◆ ABOUT THIS TASK ◆
What is needed is an exact copy of the lines in the entries below from the one holding "Unique Egyptian Beaded" through the one holding "Gucci Pursuit Terry", pictures excluded.

◆ DATA SUPPLIED ◆
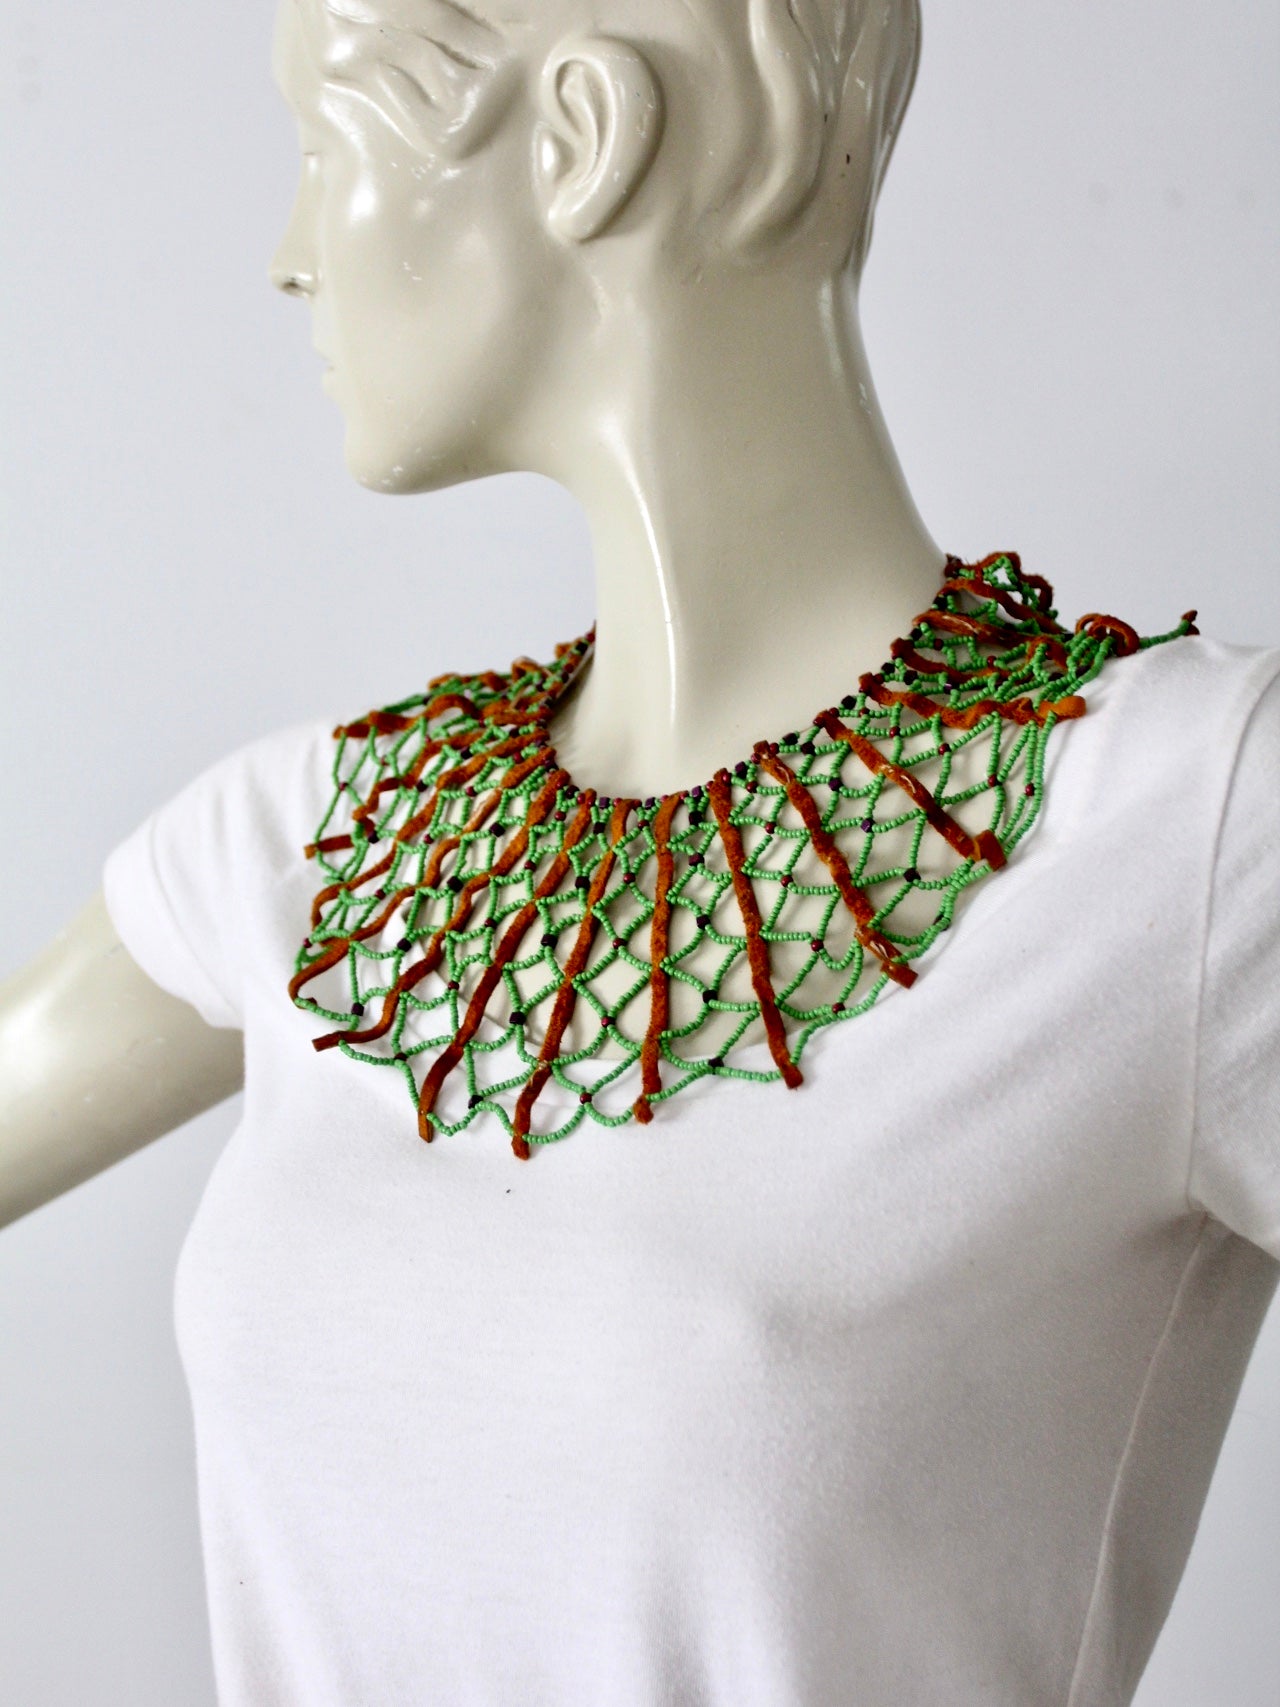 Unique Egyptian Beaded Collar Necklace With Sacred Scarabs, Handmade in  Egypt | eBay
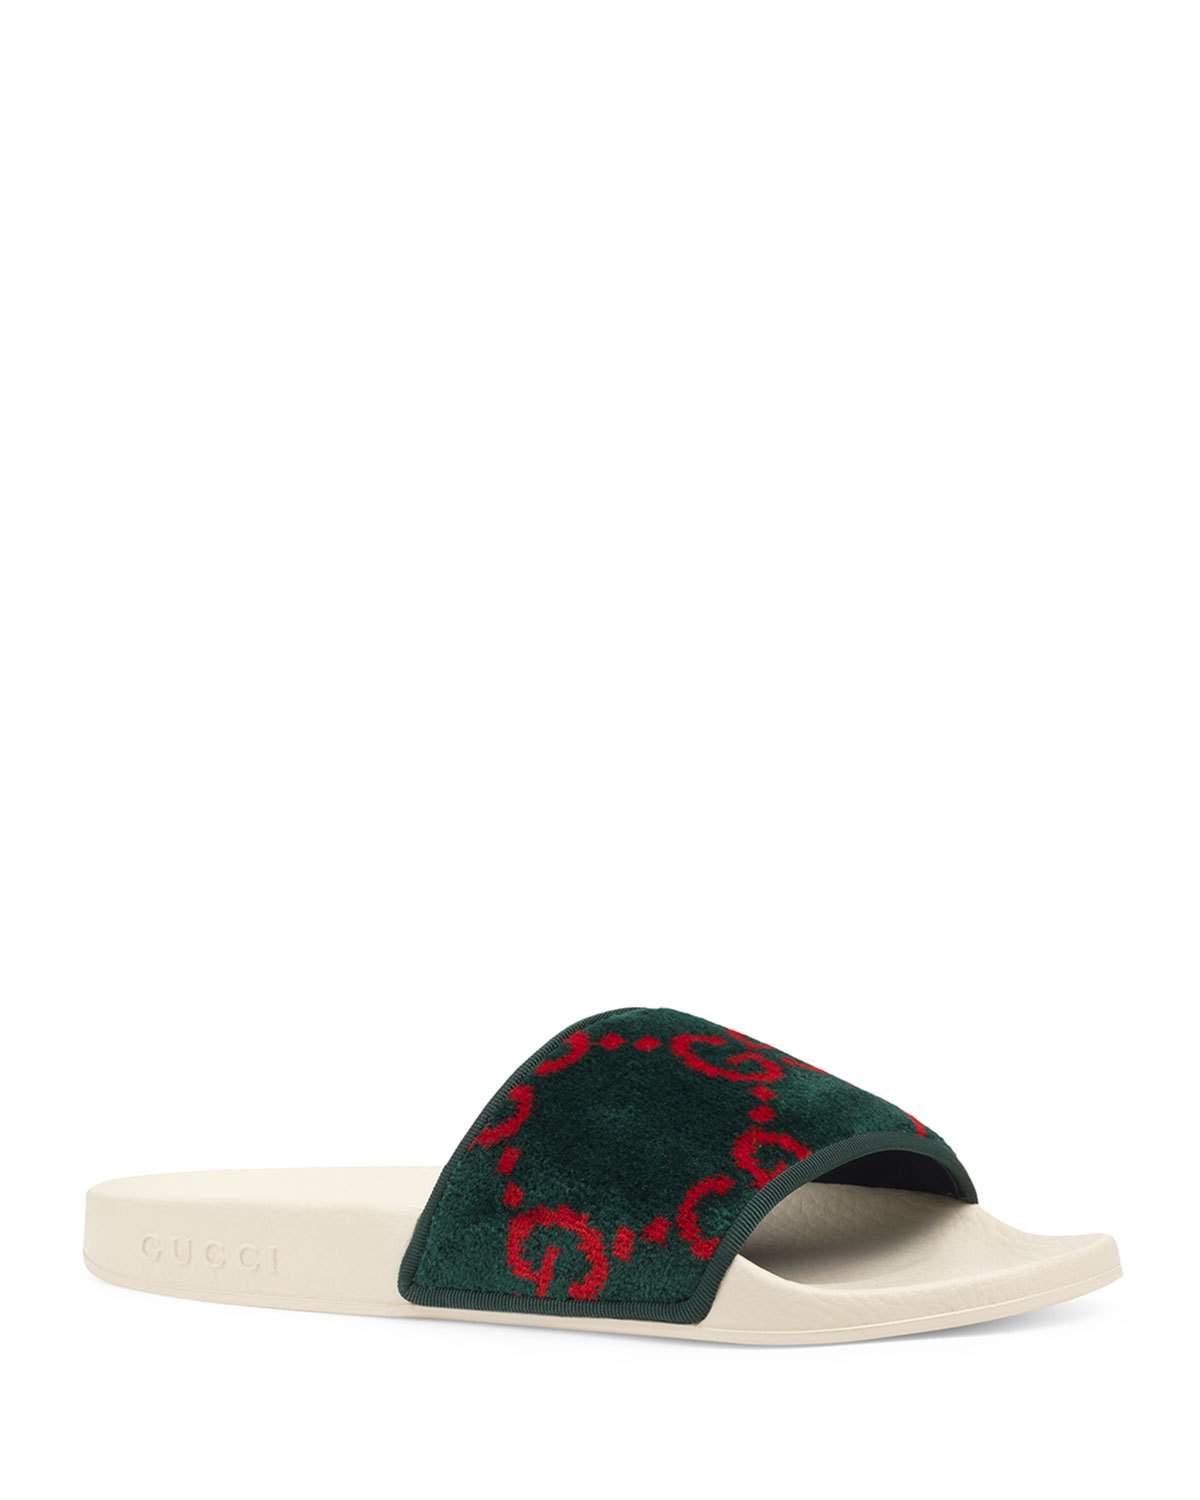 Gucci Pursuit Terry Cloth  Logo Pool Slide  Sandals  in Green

==

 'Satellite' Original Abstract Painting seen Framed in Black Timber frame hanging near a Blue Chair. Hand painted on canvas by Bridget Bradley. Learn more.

◆ COMPLETED TASK ◆
 Unique Egyptian Beaded Collar Necklace With Sacred Scarabs, Handmade in  Egypt | eBay
 Gucci Pursuit Terry Cloth  Logo Pool Slide  Sandals  in Green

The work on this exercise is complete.